Showing posts with label otto plath was a pacifist. Show all posts
Showing posts with label otto plath was a pacifist. Show all posts

Saturday, December 31, 2022

Top Research Posts of 2022

August 16, 2022: First Known Photo of Otto Plath's parents

July 12: Four Generations of Pop-Up Weddings

June 7: Digitized video footage of Aurelia Plath, permission of Dr. Richard Larschan

April 12: Photo of Otto Plath's first wife and his in-laws

MOST POPULAR POST: January 25, "Otto Plath Was a Pacifist, Not"

PERSONAL FAVES: April 26, Aurelia Schober's college days reconstructed from day planners purchased from eBay; April 19, reviewed the 1986 French-language film of Letters Home, directed by Chantal Akerman

In 2022 this blog had 35 posts. Coming in 2023: "The Lost Lines of 'Eavesdropper,'" and much more.

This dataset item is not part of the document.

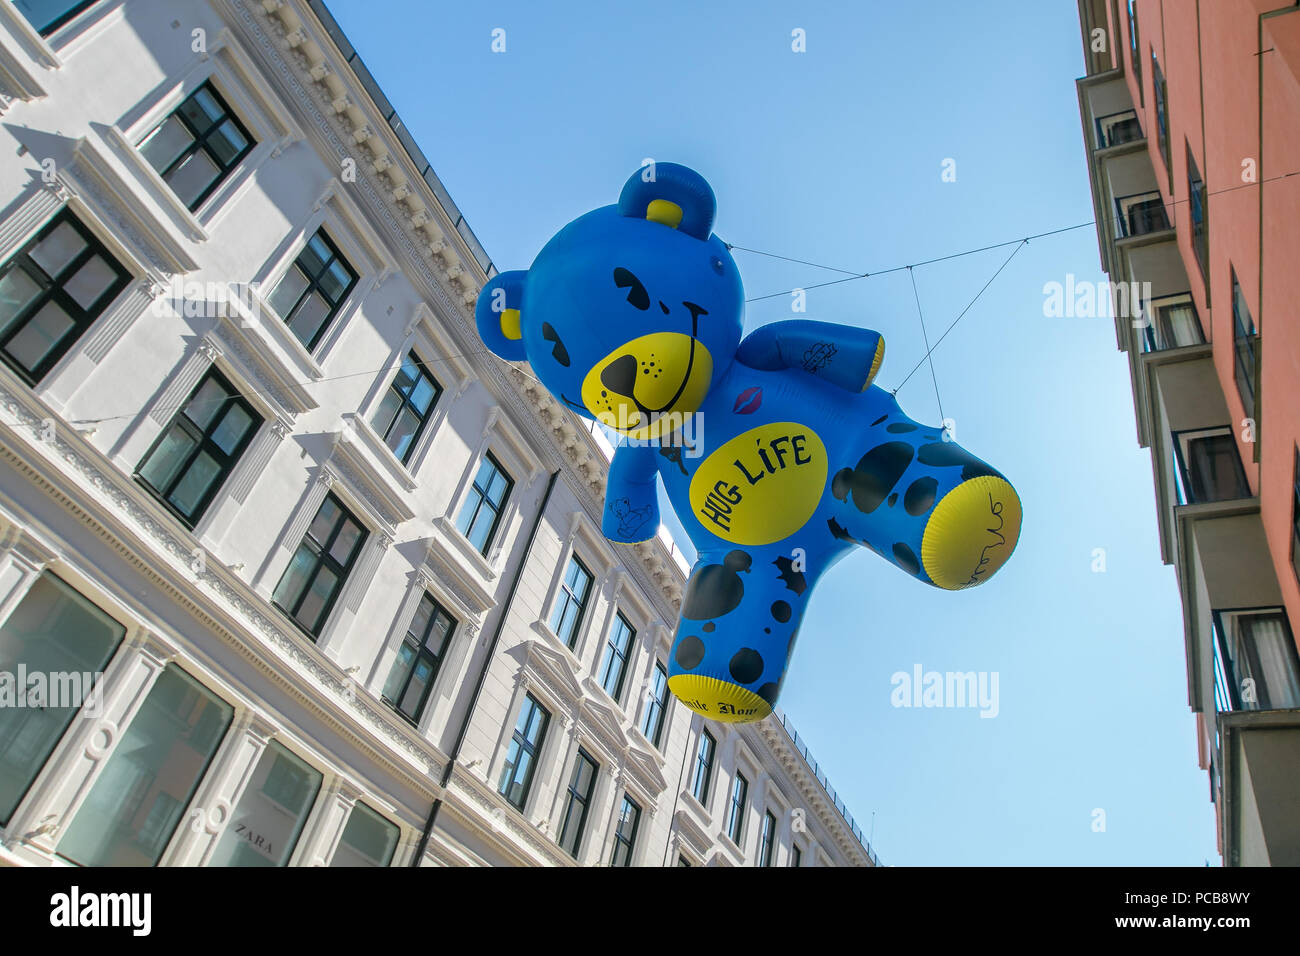 Oslo, Norvège, le 21 juillet 2018 : 'Hug Life' - installation d'art colorées d'artistes norvégiens BROSLO - gonflable géant nounours en suspension dans l'air. Banque D'Images

In March 2022 I chaired a session for "Sylvia Plath Across the Century" and over the conference's two-day span heard many inspiring presentations. In April, I researched recordings and Linda Wagner-Martin's files at the Lilly Library; in July translated Sylvia's German essay into English. In late April, a first and a landmark: The Bloomsbury Handbook to Sylvia Plath was published, with my essay introducing Aurelia's shorthand annotations. In June, transcribed for Dr. Gary Leisig Aurelia's shorthand marginalia on Sylvia's published poems. In October, attended via Zoom definitive sessions of the Sylvia Plath Literary Festival in Hebden Bridge, U.K. In November, consulted with a British author on her draft of Mothers of the Mind, a forthcoming study of the mothers of Sylvia Plath, Virginia Woolf, and Agatha Christie. A personal fave: Dr. Amanda Golden at the Woodberry Poetry Room discussing Sylvia Plath's use of pink paper (March 8, 2022; on YouTube here).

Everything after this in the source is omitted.